▶ **WHAT IS EXPECTED**: All lines from the one containing "Figure US09935277-20180403-C00027" through the last line below must be duplicated exactly, with nothing outside that span.

___ DATA EXTRACT ___

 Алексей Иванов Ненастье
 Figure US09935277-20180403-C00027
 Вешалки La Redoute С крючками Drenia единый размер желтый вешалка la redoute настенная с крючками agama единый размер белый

___

▶ **RESPONSE TO THE TASK**:
 Figure US09935277-20180403-C00027
 Вешалки La Redoute С крючками Drenia единый размер желтый вешалка la redoute настенная с крючками agama единый размер белый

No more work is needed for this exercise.